Innovation, not original research alone, is the order of the day. MNC's will make an aggressive bid for the Indian market, as India moves towards TRIPS, and international companies register their new drugs for patenting after 10 years.

Smaller companies, which had so far beneted from the protective regime, may be forced to become contracting units, or close shop.

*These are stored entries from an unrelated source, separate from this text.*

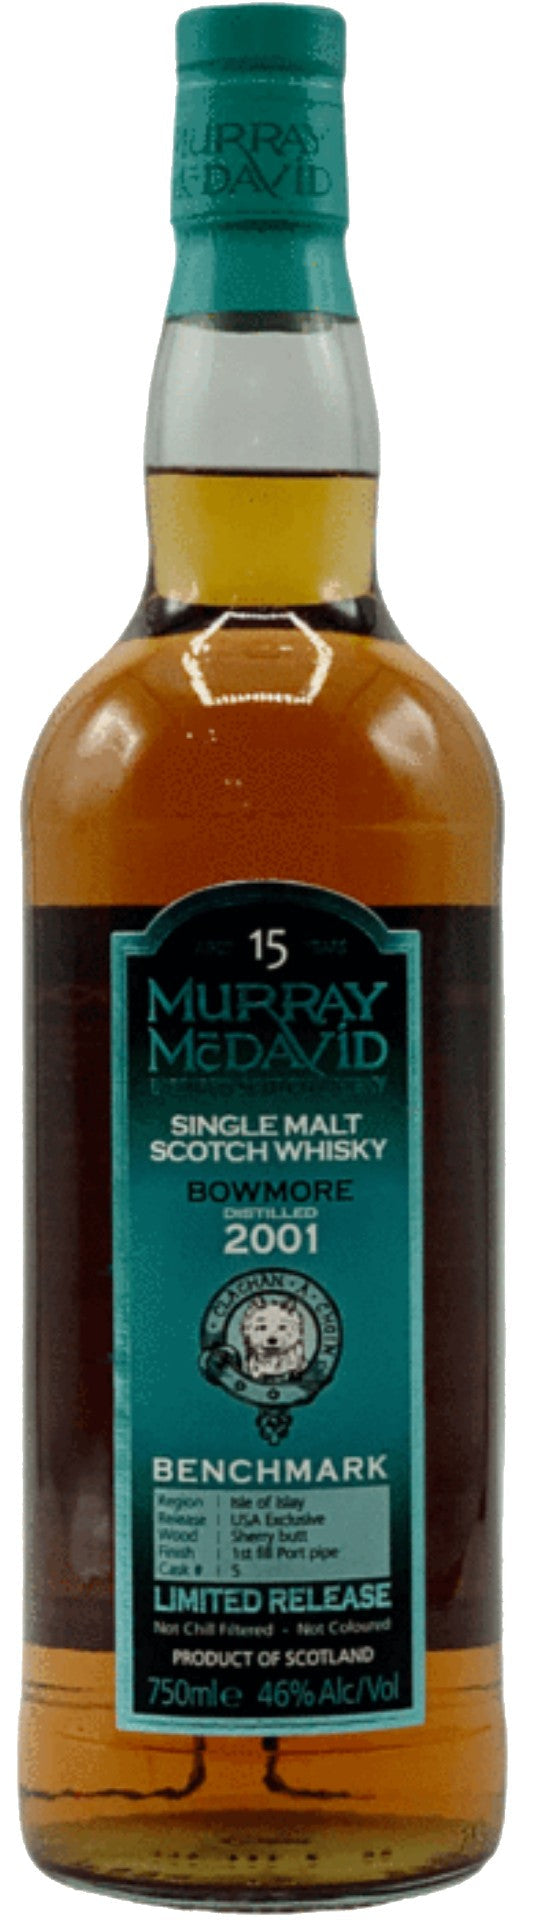 Murray McDavid Benchmark Bowmore 15 Year Old Single Malt Scotch Whisky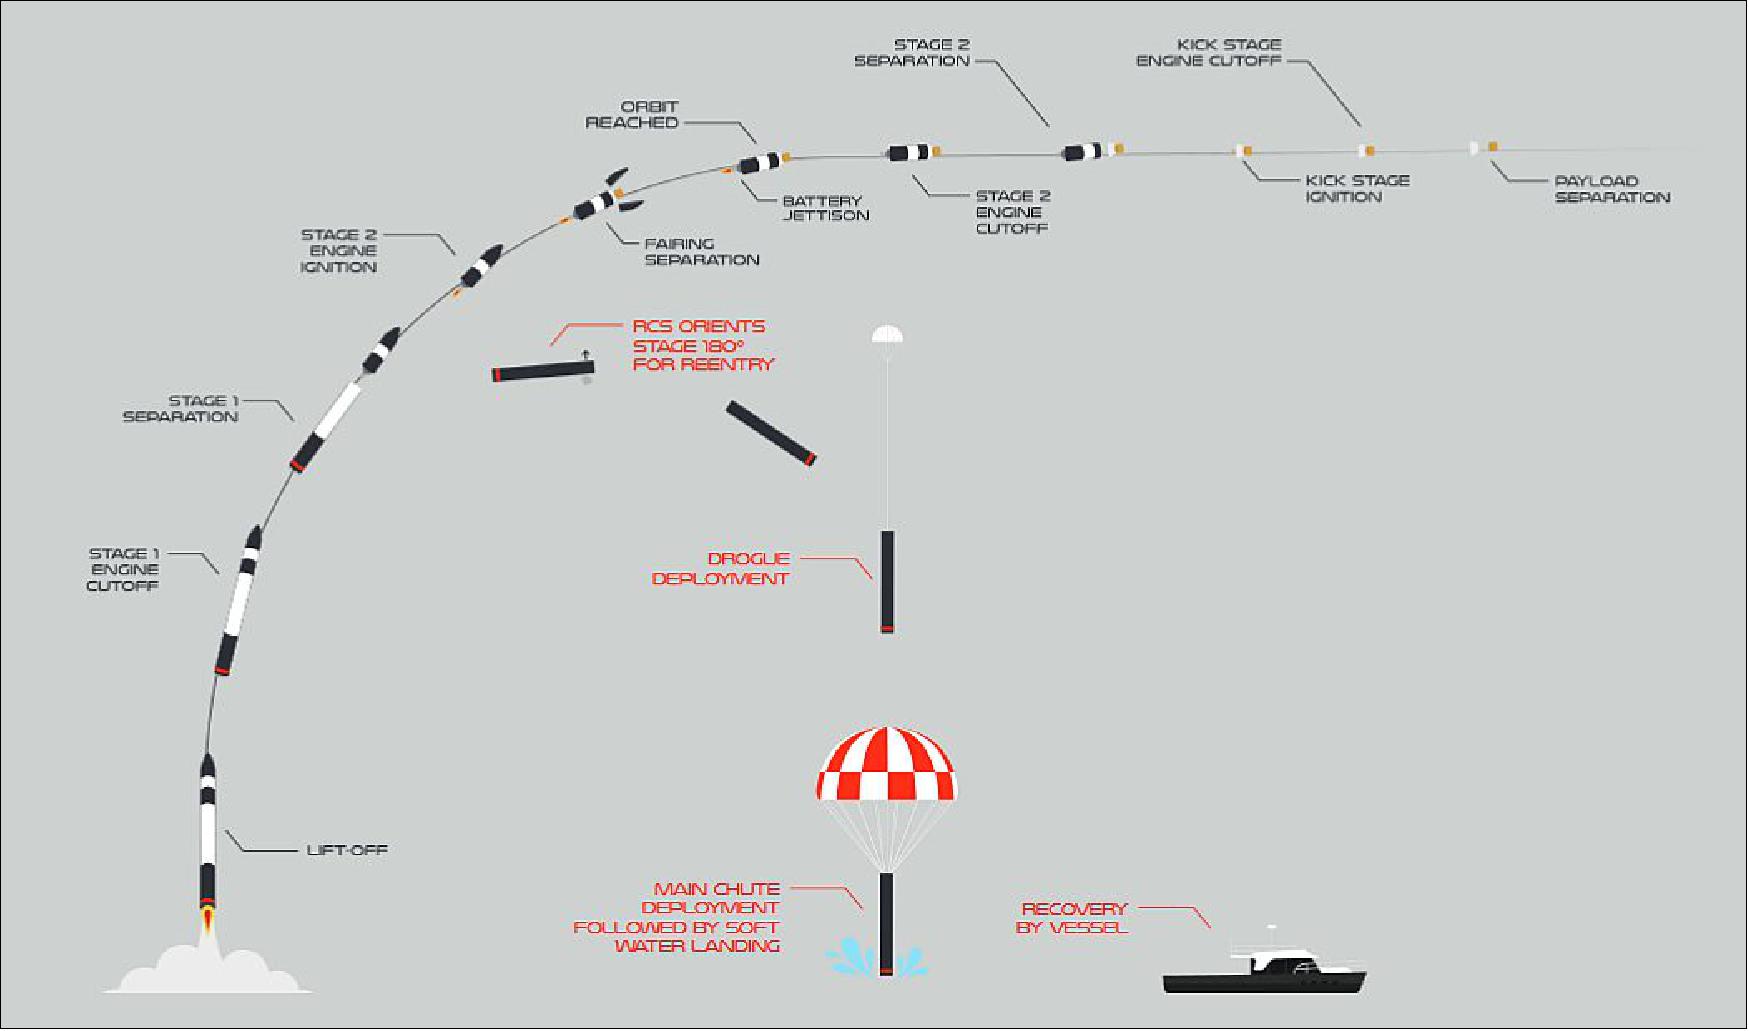 Figure 35: Timeline of launch events (image credit: Rocket Lab)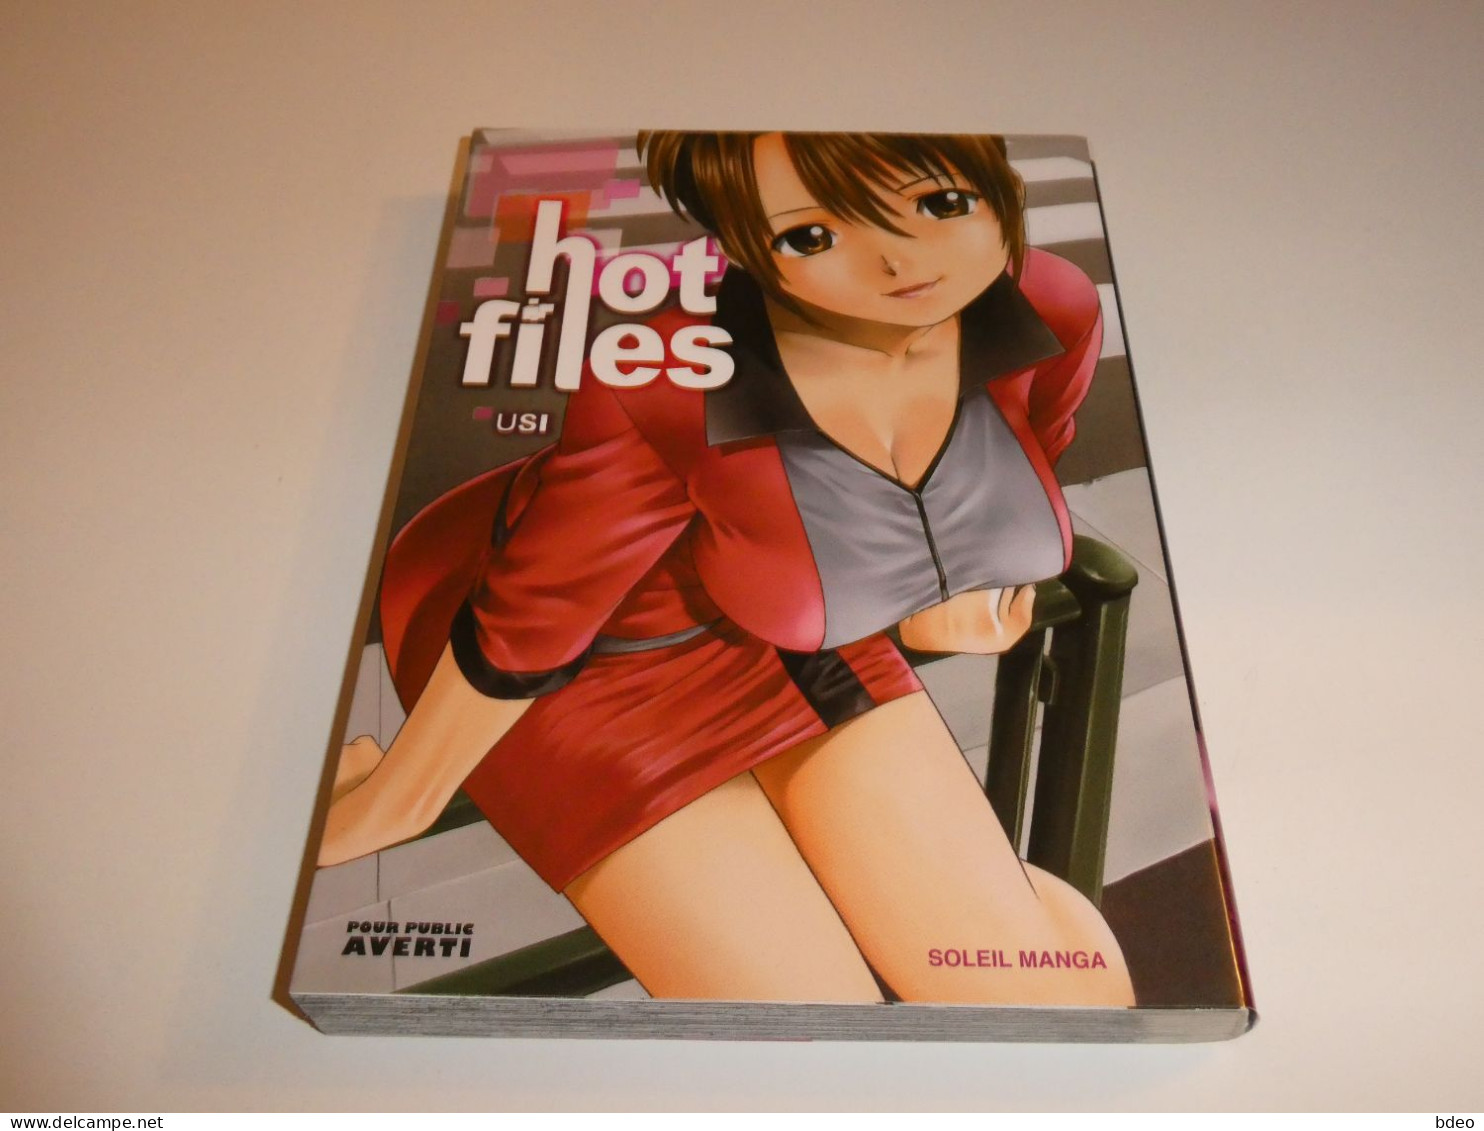 HOT FILES / TBE - Mangas Version Francesa

Generics will have a huge demand. Increasing R&D costs will lead to more consolidation for international companies. Within 5 years, the top 10 pharma companies will control over 60% of the world market.

International companies could set up their own R&D labs in India and develop drugs for tropical diseases.

Innovations in R&D process such as genomics and combinatorial chemistry.

Indian pharma companies are expected to move up the value chain from merely being reverse engineers to developers of proprietary products in the US market.

Implementing New Technologies to Address Key Issues. Combating the growth of counterfeit drugs. Handling "reverse logistics" where shipments are sent back to the manufacturer either due to incorrect items being issued or simply being out of date.

Improving the overall efficiency of receiving goods, ensuring that the right products have been delivered.

Conclusion The pharmaceutical business in the world trade environment will have to be competitive. The major focus should be on research, drug design and development. The industry, authorities and institutions must understand the challenges and market needs to develop workforce with competent, managerial and entrepreneurial talent. Pharmaceutical industry players will need to take risk and fortify their organization by focusing on to bring in talents and skills from outside the industry than with traditional approaches focused on developing talent from internal departments to focus more on to achieve industry goals.